Dividing lines and clear blue water – in any election it’s crucial for candidates to find and exploits the distinctions between themselves and their rivals. Could China perhaps be one? It was the subject which Liz Truss chose to quiz Rishi Sunak about on Sunday and is seen by allies of the former as a weakness for the latter. The Foreign Secretary is keen to appear more hawkish than her rival; under Sunak’s Chancellorship the Treasury tried to restart multiple high-level financial dialogues with Beijing.
And it’s not just Truss pushing this line, for Penny Mordaunt has now decided to jump on board the China train. She declared last night that ‘We have been too soft on China. I won’t be’ after her campaign team briefed the Express about her plans for a new ‘China Strategy’ and a harder line on Beijing. It’s a not-so veiled swipe at Truss’s tenure at the Foreign Office and a savvy political move. China bashing is a good vote winner among both Tory MPs and Tory members; Beijing to Britain notes that the UK electorate view sthe rise of China as one of the country’s three most prominent security threats.
The problem is that, er, the UK already has a ‘China Strategy’ and one on the Indo-Pacific region too. The Express reports that Mordaunt ‘will pledge to conduct a full review of UK-China policy, across all Government departments’ yet this has been (slowly) ongoing for months now in Whitehall. Longtime China campaigner Luke de Pulford claimed that Mordaunt hasn’t shown much interest in the area before, saying ‘she hasn’t spoken in a single debate on Uyghurs, Taiwan, Hong Kong or Tibet – even when not a minister.’

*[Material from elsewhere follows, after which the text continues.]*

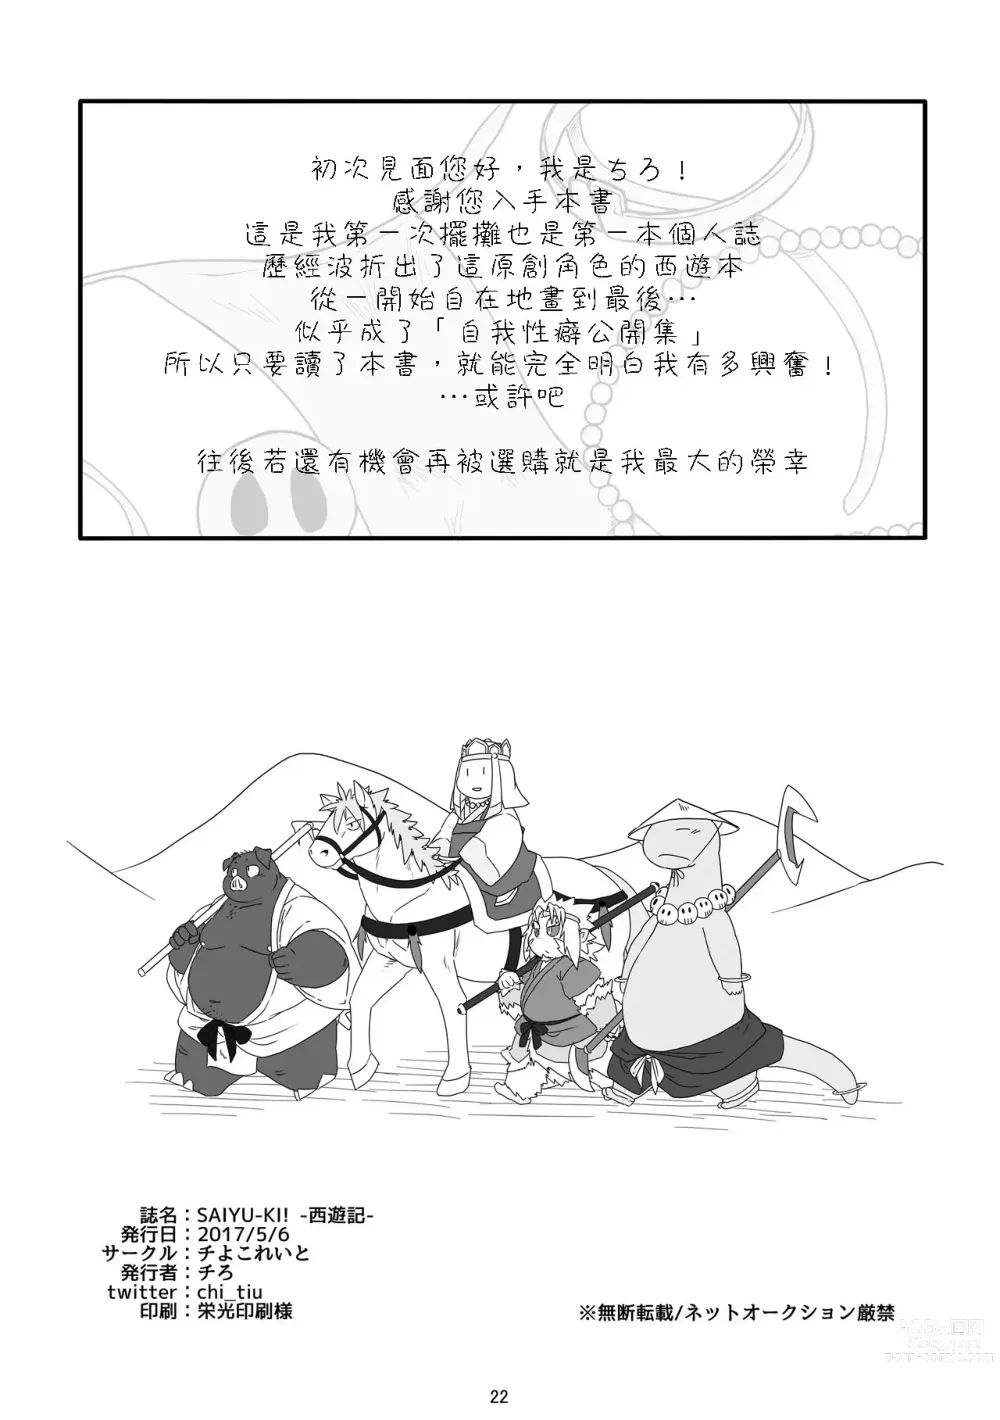 Page 21 of doujinshi SAIYU-KI!

Her pledge to hold Beijing to account for its actions in Xinjiang also should be seen in the context of her time at Trade, where she claimed that if ‘you want to “defend against authoritarianism, fight corruption and promote respect for human rights” then place trade at the centre of all you do.’ Mordaunt’s plan does contain some interesting ideas: sanctions for those implicated in the Hong Kong crackdown and the Xinjiang abuses plus greater monitoring of China’s investment in infrastructure.
But coming just hours before the 1:00 p.m ballot for the Tory leadership race, it might all be too late to save her from being eliminated from the final two. The question is, will Truss and Sunak also campaign on this theme? Or will China be overshadowed, once again, by other competing domestic concerns.